IMF warns of global disaster as crypto market collapses

IMF warns of global disaster as crypto market collapses

The International Monetary Fund (IMF) has issued a warning about the potential risk cryptocurrency can pose to the global financial system. In a recent blog post two IMF officials, Bo Li and Nobuyasu Sugimoto, emphasized the increasing intertwining of traditional and crypto markets. Li and Sugimoto point out that price volatility in the crypto market due to collapsing crypto companies could harm the entire global market, according to IMF officials:

In times of stress, we have seen market failures from stablecoins, crypto-focused hedge funds, and crypto exchanges, which in turn raised serious concerns about market integrity and user protection. And with growing and deeper ties to the core financial system, concerns about systemic risk and financial stability may also arise in the near future.

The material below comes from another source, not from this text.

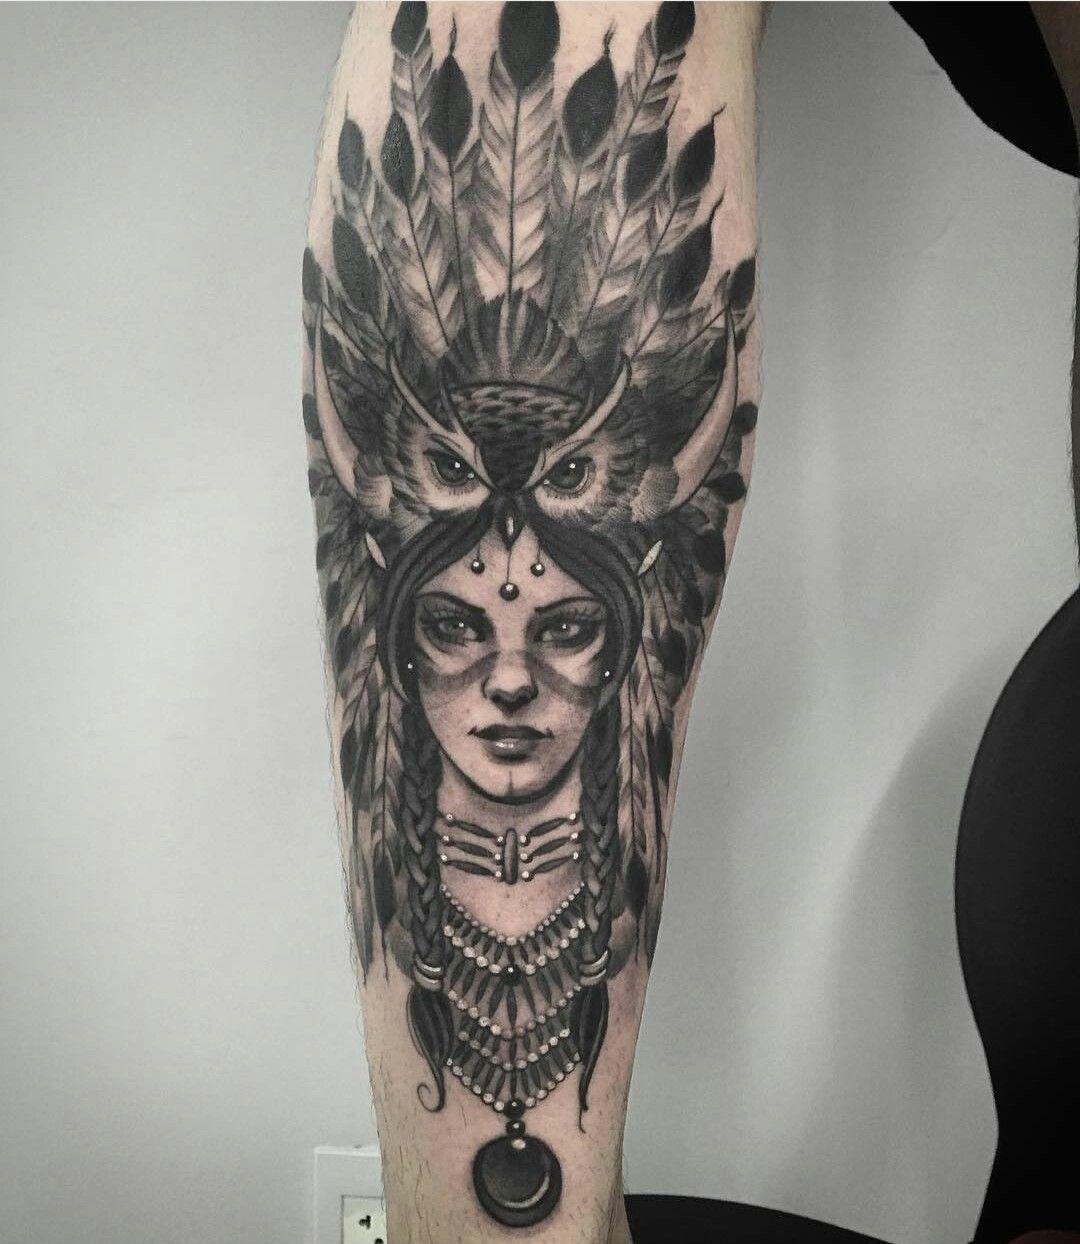 Tatuagem brao tatoo pinterest tatuagem brao brao e tatuagens tatuagem brao altavistaventures Gallery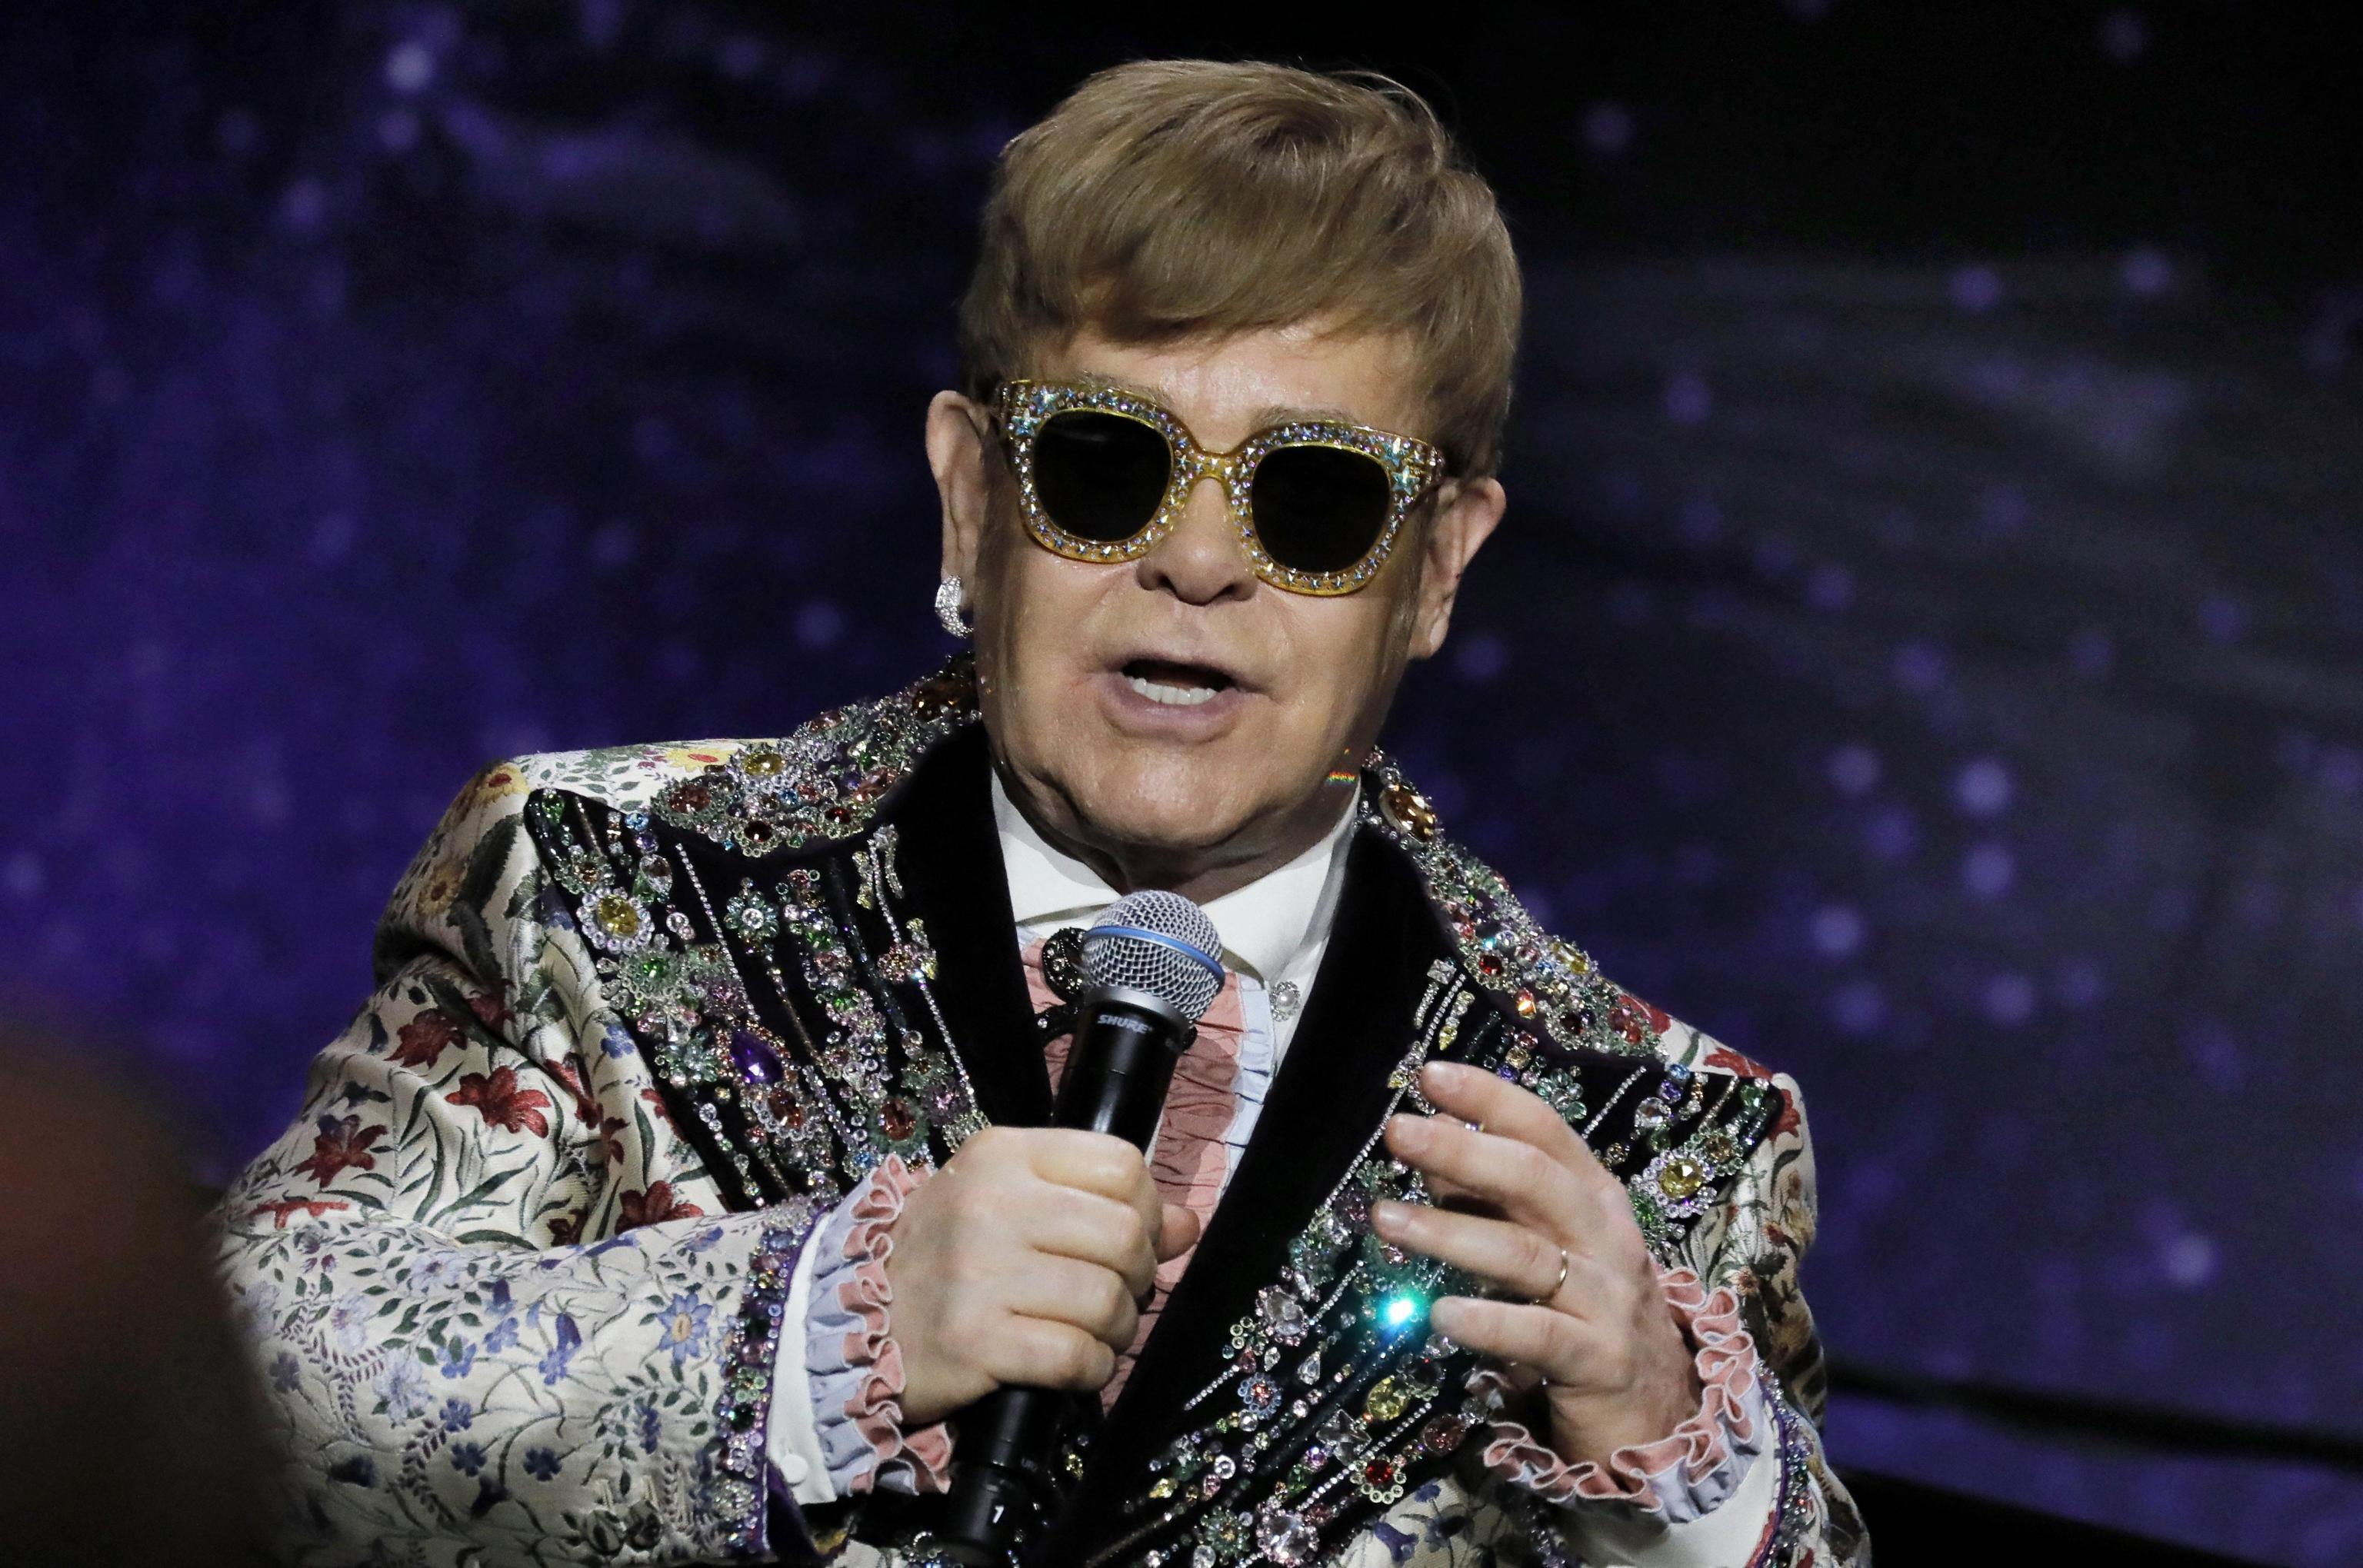 Elton John si ritira dalle scene: 'Ho figli, voglio essere parte della loro vita'

Better regulation is needed

This may all look very negative, but the two IMF staff say many of these concerns can be addressed by strengthening financial regulation and oversight and by developing global legislation that can be consistently implemented by national regulators.

Stablecoins in particular are seen by the IMF as a major problem. This is because they can cause countries with a weaker currency to lose their monetary sovereignty. This, according to the officials, could pose a threat to a country’s financial stability. In addition to regulation, an important solution to prevent this is to improve traditional currencies and banking systems.

5 pillars to contain the risk of crypto

The International Monetary Fund (IMF) has outlined five key points for global regulators to consider in order to contain the risks posed by the cryptocurrency market.

First, providers of crypto asset services must be licensed, registered and authorized, with rules similar to those for traditional providers in the financial industry.

Second, entities performing multiple functions should be subject to additional prudential requirements and should not do so if conflicts of interest arise.

Third, stablecoin issuers must be subject to strict requirements to avoid undermining monetary and financial stability.

Fourth, there should be clear requirements for regulated financial institutions regarding their exposure to and involvement in crypto assets.

Finally, the IMF is calling for a robust, comprehensive and globally consistent approach to crypto regulation and supervision, as the cross-sector and cross-border nature of crypto limits the effectiveness of uncoordinated national approaches.